If a is a Quadratic residue modulo $p^l$ ( $\exists x$ such that $x^2 \equiv a \mod(p^l)$ ) then its a Quadratic residue modulo p ($ \exists x$ such that $x^2 \equiv a \ mod (p)$ ).

Answer 1

One usual definition of quadratic residue goes as follows: $a$ is a quadratic residue of $m$ if $\gcd(a,m)=1$ and there exists an $x$ such that $x^2\equiv a\pmod{m}$.

Suppose that $a$ is a quadratic residue of $p^l$, where $l\ge 1$. Then $\gcd(a,p^l)=1$ and there is a $b$ such that $b^2\equiv a\pmod{p^l}$.
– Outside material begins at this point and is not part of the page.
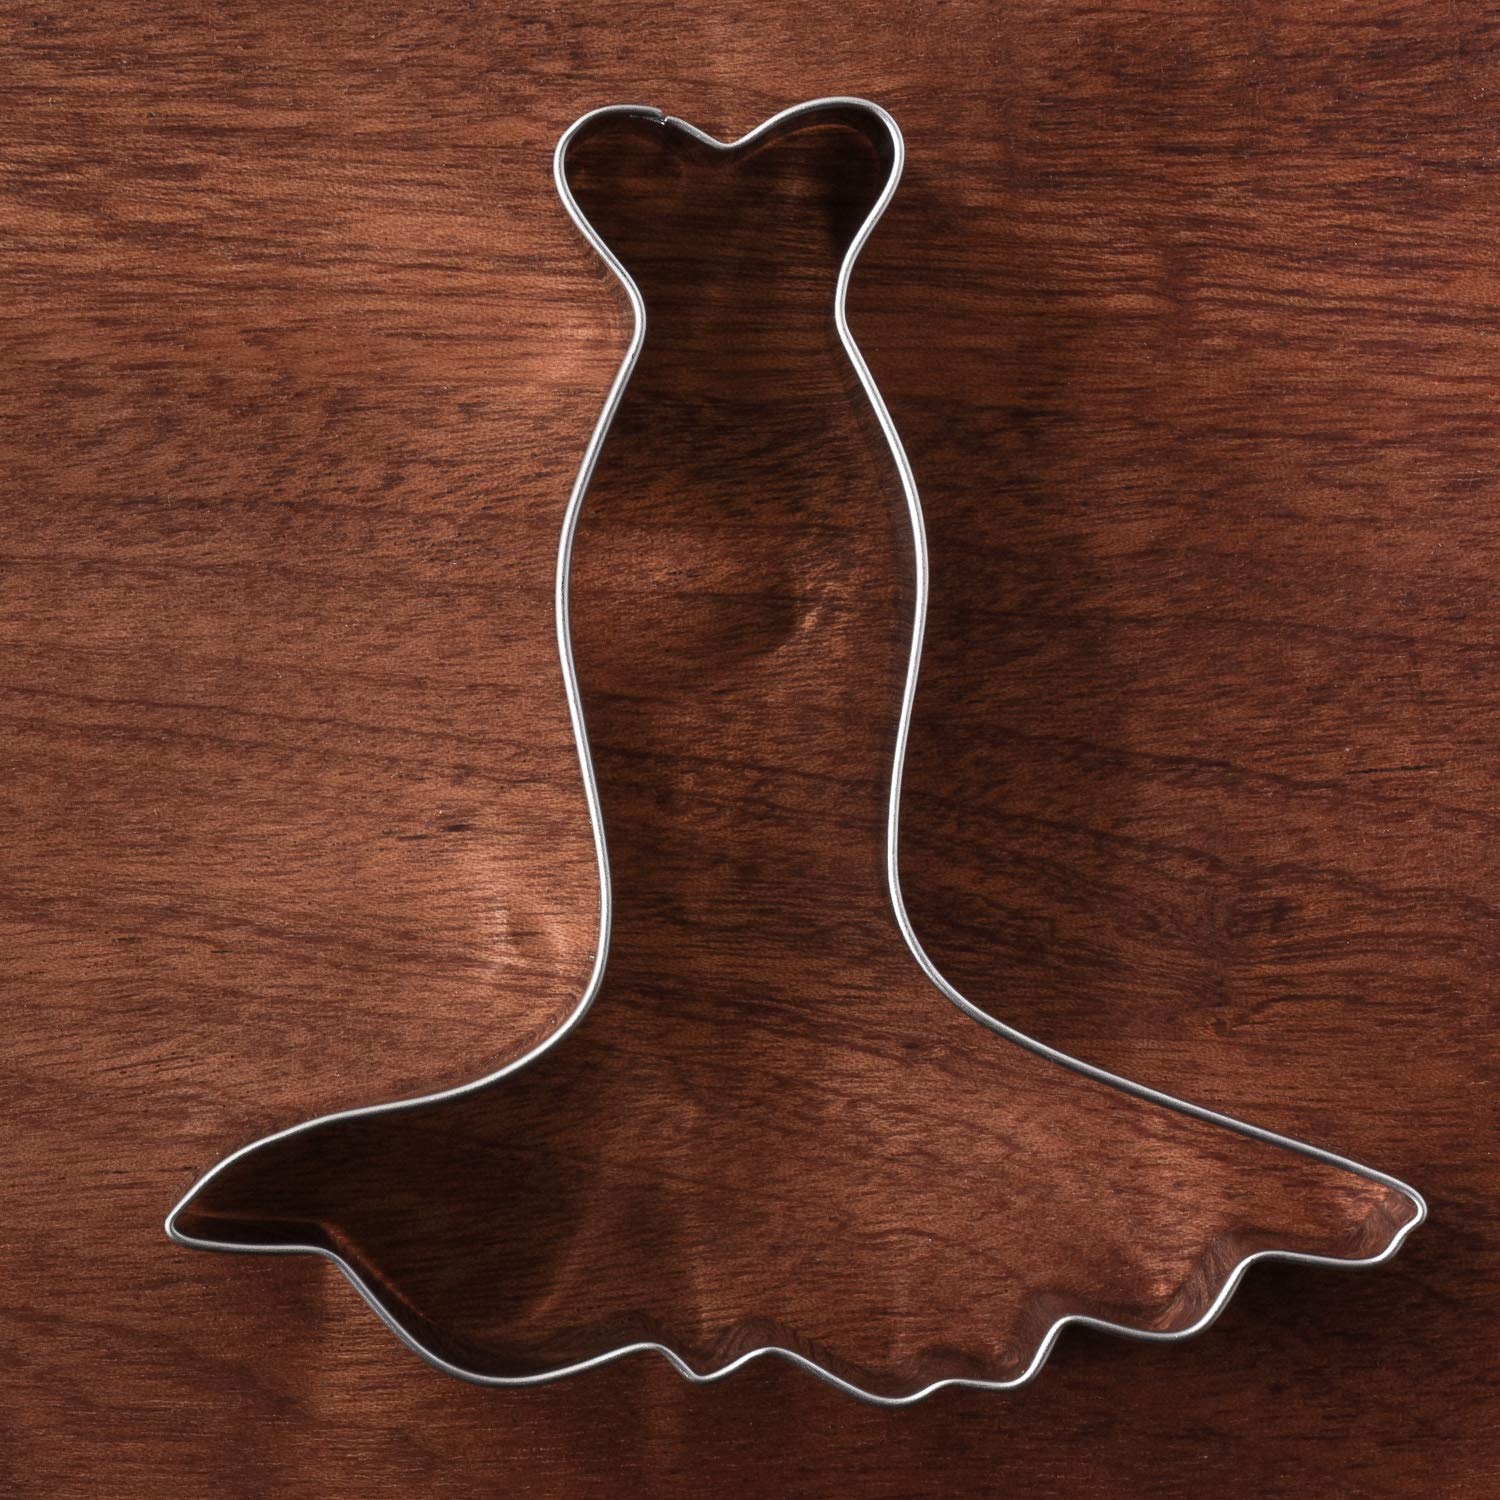 LILIAO Wedding Dress Cookie Cutter for Wedding/Engagement - 4 x 4.3 inches - Stainless Steel

It follows that $\gcd(a,p)=1$. Furthermore, since $p^l$ divides $b^2-a$, it follows that $p$ divides $b^2-a,$ and therefore $b^2\equiv a\pmod{p}$. Thus by definition $a$ is a quadratic residue of $p$.

Note that, in the above argument, there is no need to assume that $p$ is prime.

Remark: It is more challenging to work in the opposite direction, and try to show that if $a$ is a QR of $p$, then $a$ is a QR of $p^l$. This is true for all odd primes $p$.

Answer 2

Put $N=Mp^{l-1}$ $$x^2=a+Mp^l\Rightarrow x^2=a+Np$$